Mitazalimab is currently under investigation in combination with chemotherapy as a treatment for patients with metastatic pancreatic ductal adenocarcinoma in the phase 2 OPTIMIZE-1 trial.
The FDA has granted orphan drug designation to the investigational CD40 monoclonal antibody mitazalimab as a treatment for patients with pancreatic cancer, according to a press release from Alligator Bioscience.1
Investigators are currently assessing mitazalimab plus modified leucovorin calcium/folinic acid, fluorouracil, irinotecan, and oxaliplatin (mFOLFIRINOX) in the treatment of those with metastatic pancreatic ductal adenocarcinoma (PDAC) as part of the phase 2 OPTIMIZE-1 trial (NCT04888312). An interim analysis in January 2023 highlighted an objective response rate (ORR) of 52% among 23 evaluable patients based on RECIST v1.1 criteria.2 The regimen also yielded a disease control rate of 90%.

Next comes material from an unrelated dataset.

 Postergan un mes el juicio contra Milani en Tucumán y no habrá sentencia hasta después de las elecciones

In April 2023, investigators announced that they had completed patient enrollment for the OPTIMIZE-1 trial.3
The developers of mitazalimab plan to convene with American and European regulators to discuss the agent’s development and approval pathway in pancreatic cancer later in 2023. Additionally, investigators aim to share interim progression-free survival (PFS) and overall survival (OS) findings from the OPTIMZE-1 trial in mid-2023 as well as topline data in the first quarter of 2024.
“This designation is a key milestone for our lead asset mitazalimab, which is producing outstanding clinical results in its phase 2 trial in pancreatic cancer,” Søren Bregenholt, chief executive officer at Alligator Bioscience, said in the press release.

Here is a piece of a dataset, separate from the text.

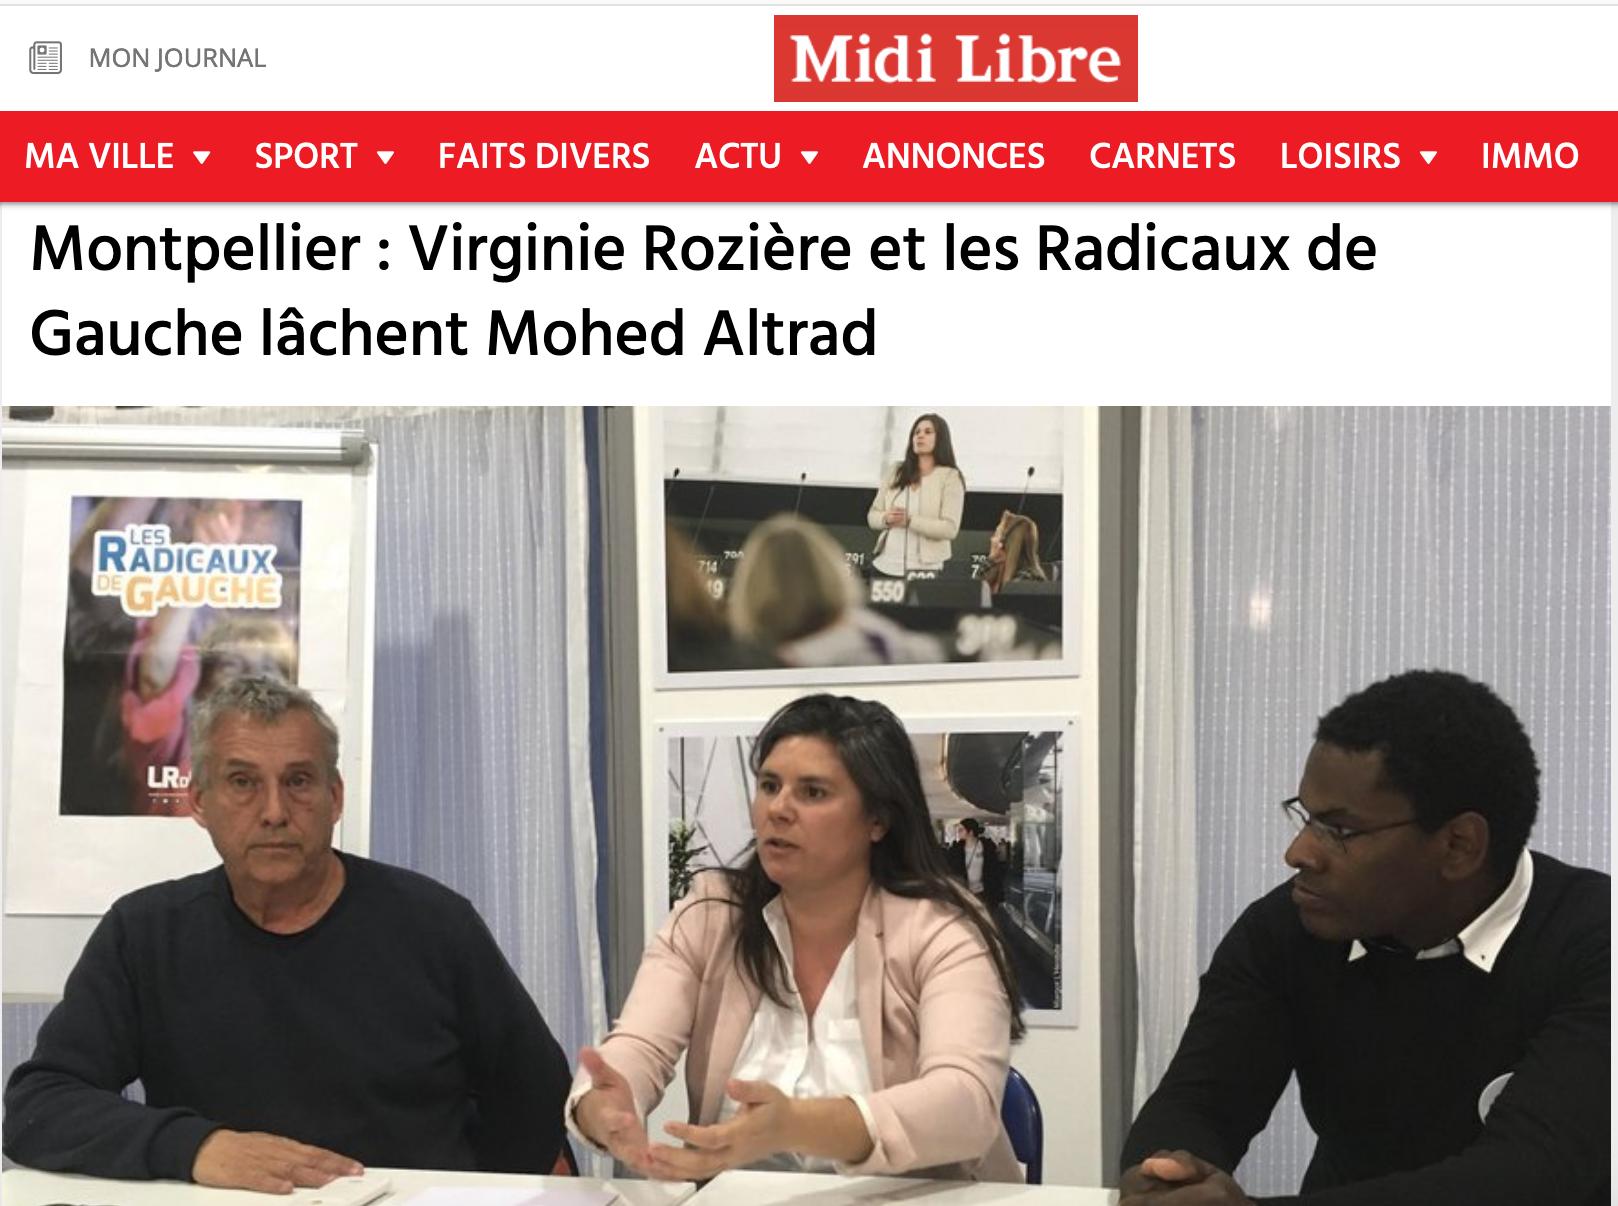 Midi Libre Virginie Rozière quitte la liste de mohed Altrad

Mitazalimab is a monoclonal antibody that targets CD40, thereby potentially sensitizing tumors to chemotherapy and attacking tumors by activating dendritic cells, B cells, and macrophages.
In the multi-center, open-label phase 2 OPTIMIZE-1 trial, previously untreated patients with metastatic PDAC received mitazalimab intravenously every 14 days in combination with mFOLFIRINOX.

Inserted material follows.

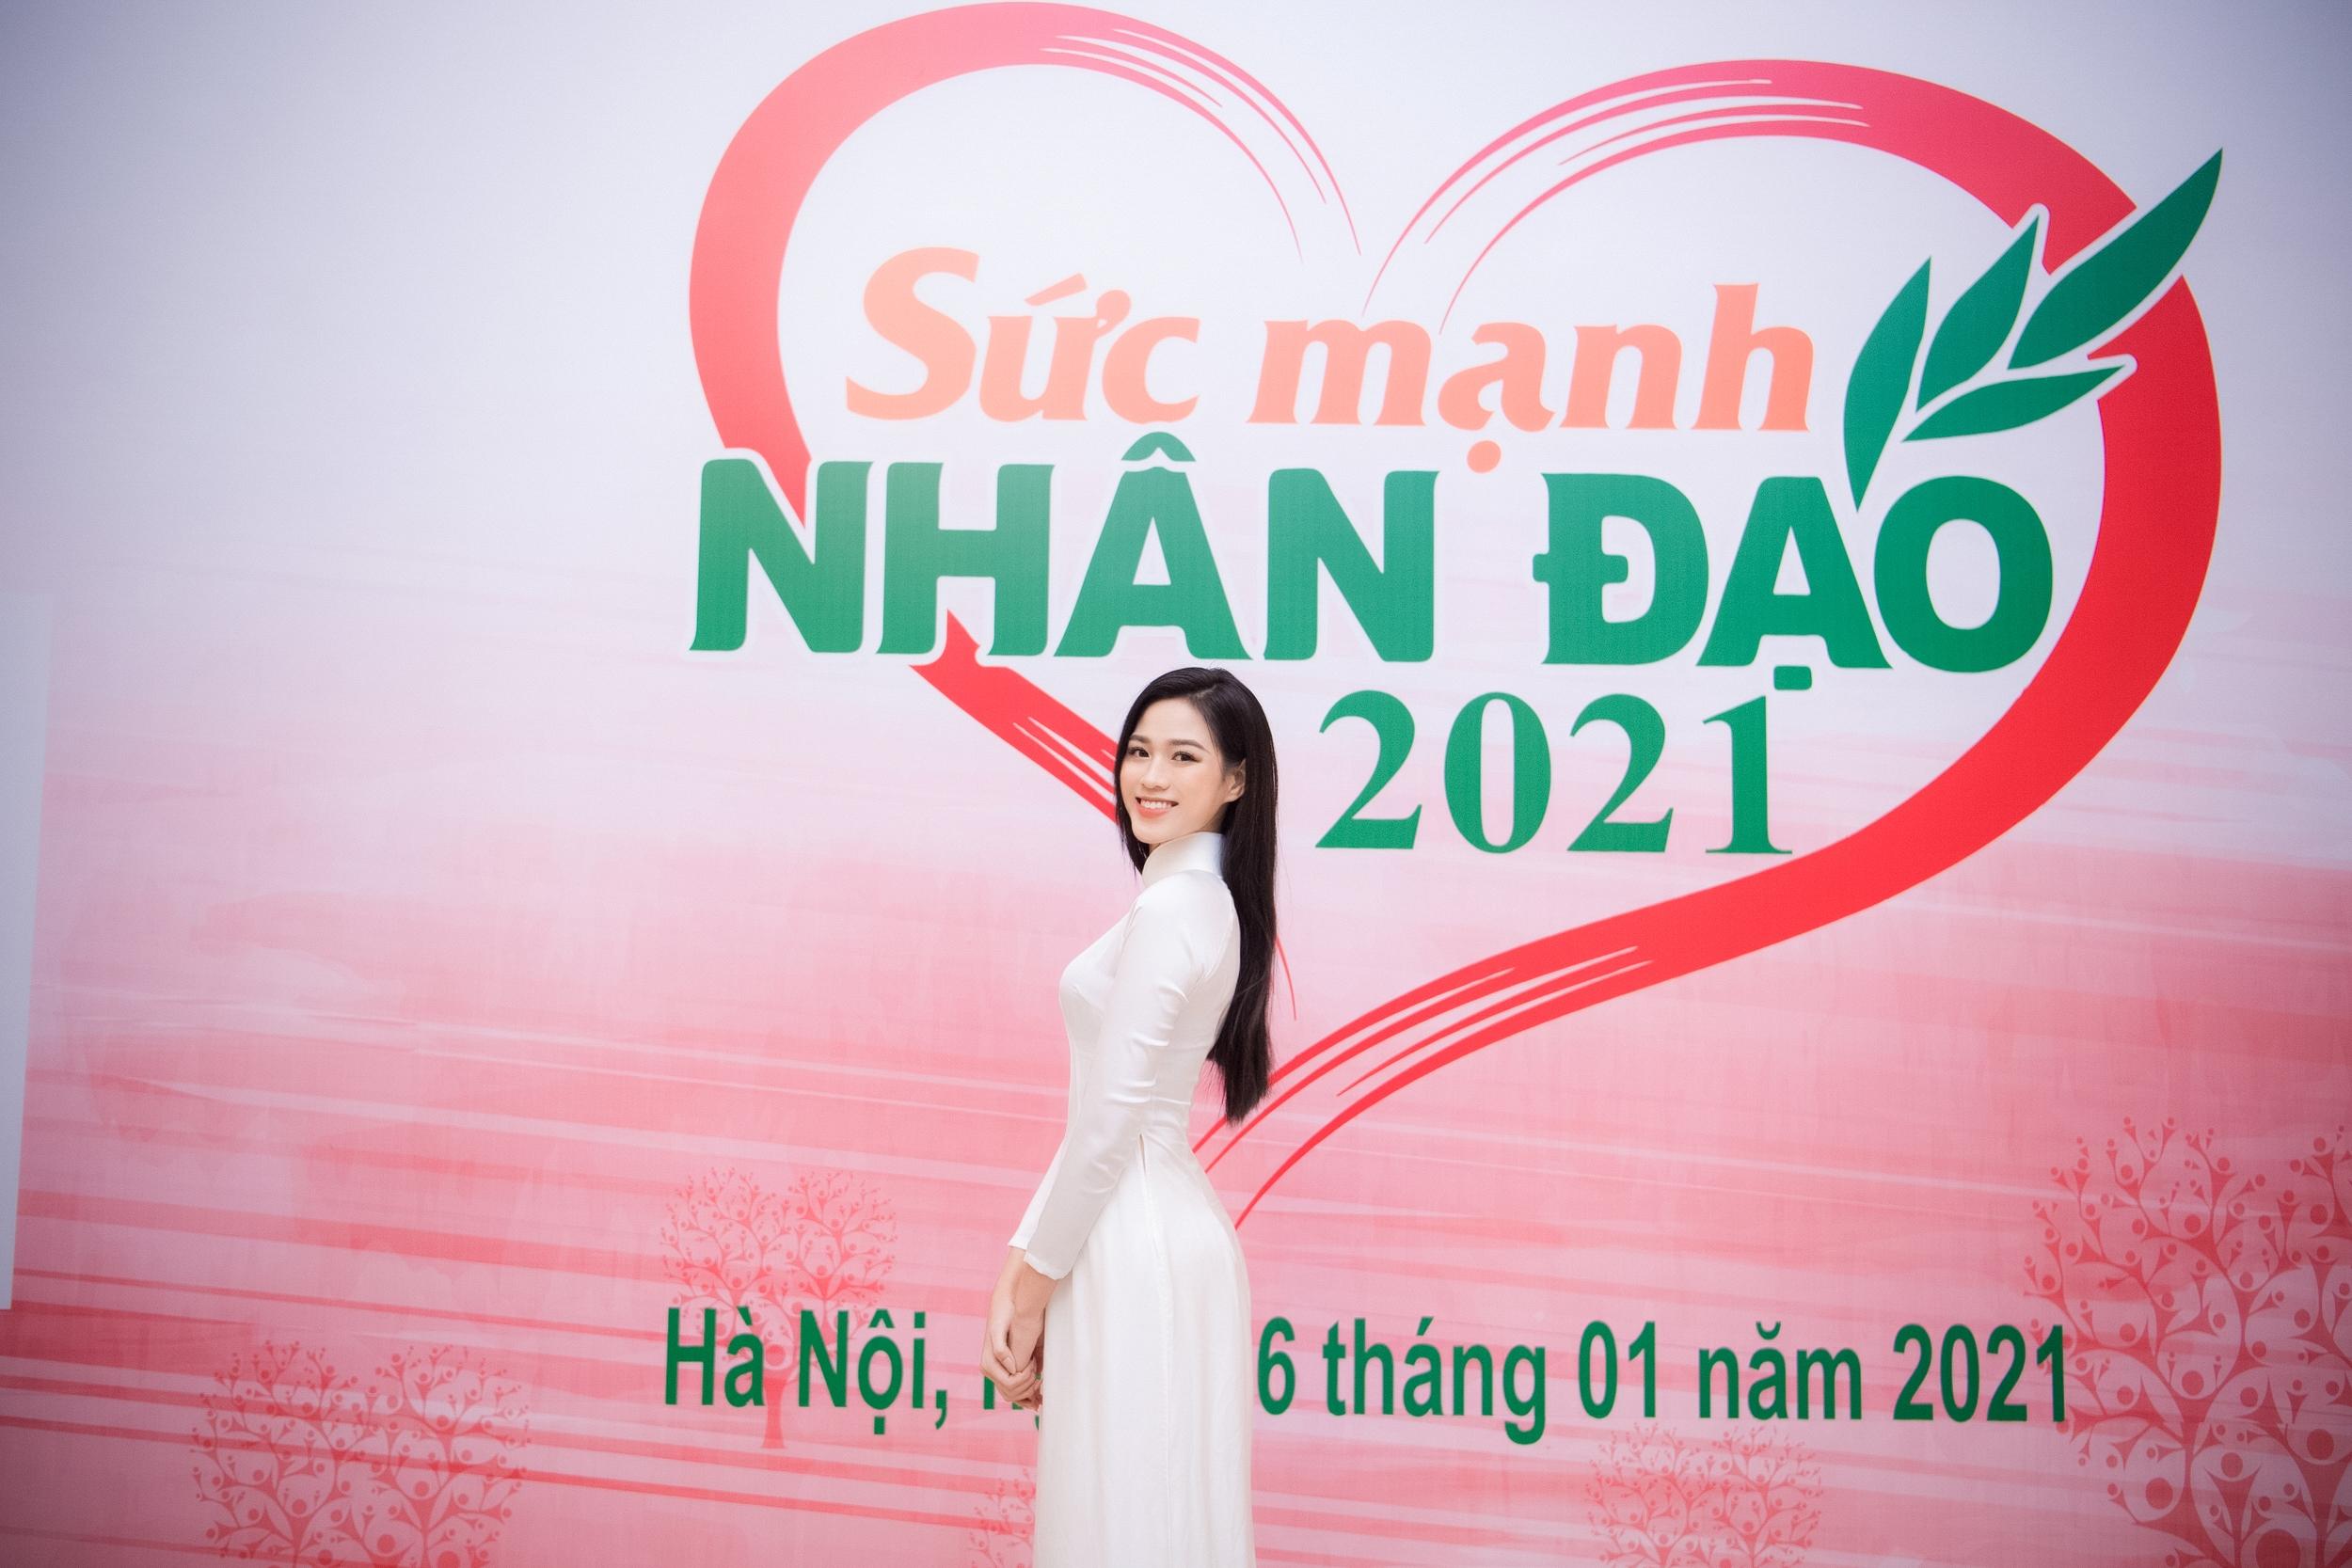 Hoa hậu Đỗ Thị Hà trở thành đại sứ Hội Chữ thập đỏ Việt Nam

The primary end points of the OPTIMIZE-1 trial include the incidence of dose-limiting toxicities and ORR. Secondary end points include PFS, OS, anti-tumor activity per RECIST v1.1 guidelines, the incidence of adverse effects, and the pharmacokinetics of mitazalimab.
Patients 18 years and older with histologically documented, previously untreated metastatic PDAC and an ECOG performance status of 0 or 1 were eligible to enroll on the trial. Additional eligibility criteria included having measurable disease based on RECIST v1.1 guidelines, a life expectancy of at least 3 months, no receipt of previous chemotherapy for PDAC, and no prior abdominal radiotherapy.
Patients with other types of non-ductal pancreatic tumors, other current cancer, known central nervous system metastases, or carcinomatous meningitis were unable to enroll on the trial. Patients were also unsuitable for enrollment if they had a history of chronic diarrhea, inflammatory disease of the colon or rectum, or unresolved partial or complete intestinal obstruction; uncontrolled intercurrent illness including active infection; or a known history of human immunodeficiency virus, hepatitis B, or active hepatitis C infection.
Receiving an attenuated vaccine within 28 days before beginning study treatment or any prior treatment with irinotecan or platinum-containing chemotherapy, having pre-existing peripheral neuropathy higher than grade 1, known Gilbert’s disease, or known fructose intolerance were also grounds for exclusion from the trial.